The settings/local.py is entirely your file to own. 

> 4) I'm interested in this:
> PROD_DETAILS_DIR='/mnt/netapp/pto.mozilla.org/product_details'
> Specifically, I don't think this is how we typically manage this, but
> honestly it's been a while since I set up a new site that used
> product_details, and it'd be easy to consider a lot of our existing ones
> "legacy" or "custom" in this regard, so maybe that's fine.

I can't help there. I don't think this app uses any of that anyway. It certainly doesn't matter when I do local development. We can probably ignore this.
(In reply to Jake Maul [:jakem] from comment #20)
> On the 500 ISE error, I see these in the error_log on one of the servers:
> 
> [Mon Feb 13 11:38:58 2012] [error] [client 10.8.33.240] File does not exist:
> /data/www/pto.mozilla.org/pto/static
> 
> [Mon Feb 13 11:45:20 2012] [error]
> /data/www/pto.mozilla.org/pto/vendor/lib/python/nose/plugins/manager.py:405:
> UserWarning: Module memcache was already imported from
> /data/www/pto.mozilla.org/pto/vendor-local/lib/python/memcache.py, but
> /usr/lib/python2.6/site-packages is being added to sys.path
> 
> [Mon Feb 13 11:45:20 2012] [error]   import pkg_resources
> [Mon Feb 13 11:45:21 2012] [error] [client 10.8.33.240] mod_wsgi
> (pid=21537): Exception occurred processing WSGI script
> '/data/www/pto.mozilla.org/pto/wsgi/playdoh.wsgi'.
> .... (cut many traceback lines)
> [Mon Feb 13 11:45:21 2012] [error] [client 10.8.33.240] DatabaseError:
> (1146, "Table 'pto_app.django_session' doesn't exist")
> 
> 
> I am able to access the MySQL DB from this node, but there are no tables in
> it. Is there a schema somewhere that needs to be run in a migration, maybe?

For the first time setting it up. Run `./manage.py syncdb`. That's also going to ask if you want to create an admin user. Say no to that. We'll later need to make myself an admin so that I can make other admins. 

I thought I had this documented in the mana page. If not, my bad.
Excellent, the "manage.py syncdb" took care of making all the tables. The app seems to be working now:

https://pto.mozilla.org/


DEV, DEBUG, and ADMINS all set as discussed above. The former two are "False", and ADMINS is set to just you (peterbe@mozilla.com).

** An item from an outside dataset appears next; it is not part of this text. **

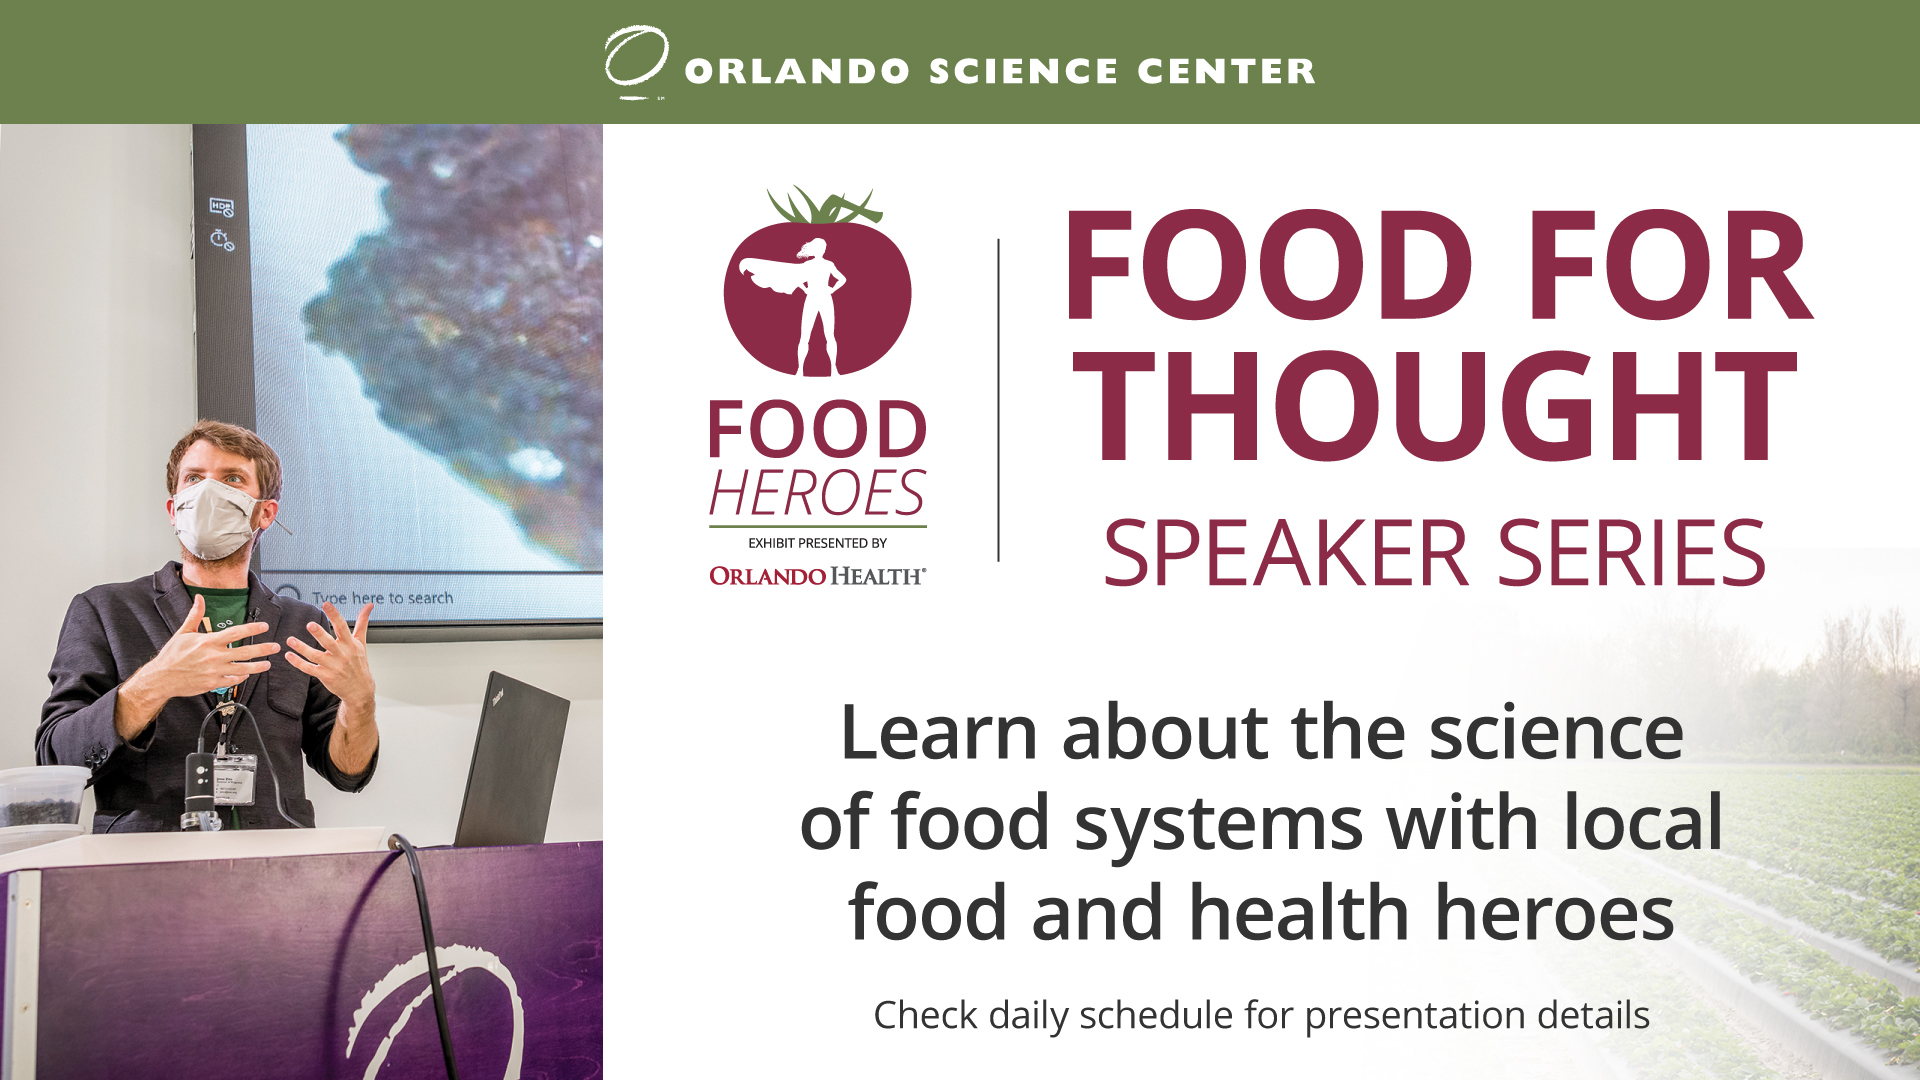 Food For Thought Speaker Series - image of presenter in Food Heroes exhibit
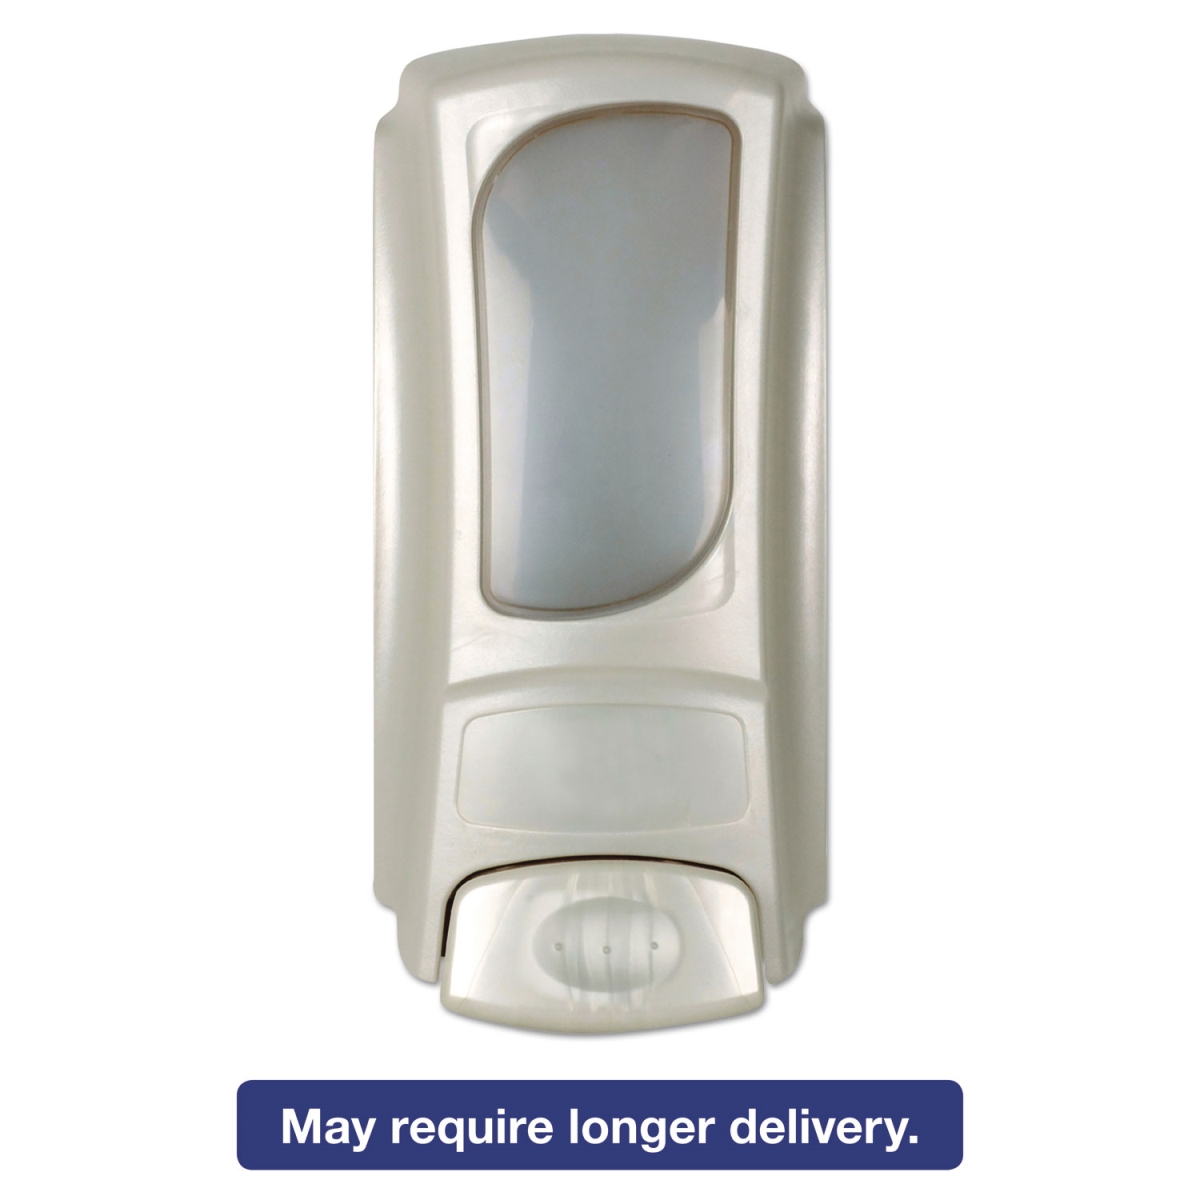 15047ct 15 Oz Eco-smart Flex Dispenser For Refills - Pearl

The login on that page doesn't work, but that makes good sense to me... the LDAP settings appear to be wrong.

LDAP settings:

AUTH_LDAP_SERVER_URI = 'ldap://pm-ns.mozilla.org/'
AUTH_LDAP_BIND_DN = 'uid=bindweb2,ou=logins,dc=mozilla'
AUTH_LDAP_BIND_PASSWORD = '<snip>'

This is almost certainly not going to work, as this cluster is in PHX1 and IIRC pm-ns.mozilla.org is in SJC1. Jabba, can you comment on this?
pm-ns.mozilla.org is correct. That hostname resolves to a local cluster in each data center.
(In reply to Jake Maul [:jakem] from comment #25)
> Excellent, the "manage.py syncdb" took care of making all the tables. The
> app seems to be working now:
> 
> https://pto.mozilla.org/
> 
More importantly, can you set up pto.allizom.org too. That's what we'll use to stage and sign-off before going live. 

> 
> DEV, DEBUG, and ADMINS all set as discussed above. The former two are
> "False", and ADMINS is set to just you (peterbe@mozilla.com).
> 
> 
> The login on that page doesn't work, but that makes good sense to me... the
> LDAP settings appear to be wrong.
>
I can't access it to test because it pops up with a Basic Authentication pop-up.

 
> LDAP settings:
> 
> AUTH_LDAP_SERVER_URI = 'ldap://pm-ns.mozilla.org/'
> AUTH_LDAP_BIND_DN = 'uid=bindweb2,ou=logins,dc=mozilla'
> AUTH_LDAP_BIND_PASSWORD = '<snip>'
> 
> This is almost certainly not going to work, as this cluster is in PHX1 and
> IIRC pm-ns.mozilla.org is in SJC1. Jabba, can you comment on this?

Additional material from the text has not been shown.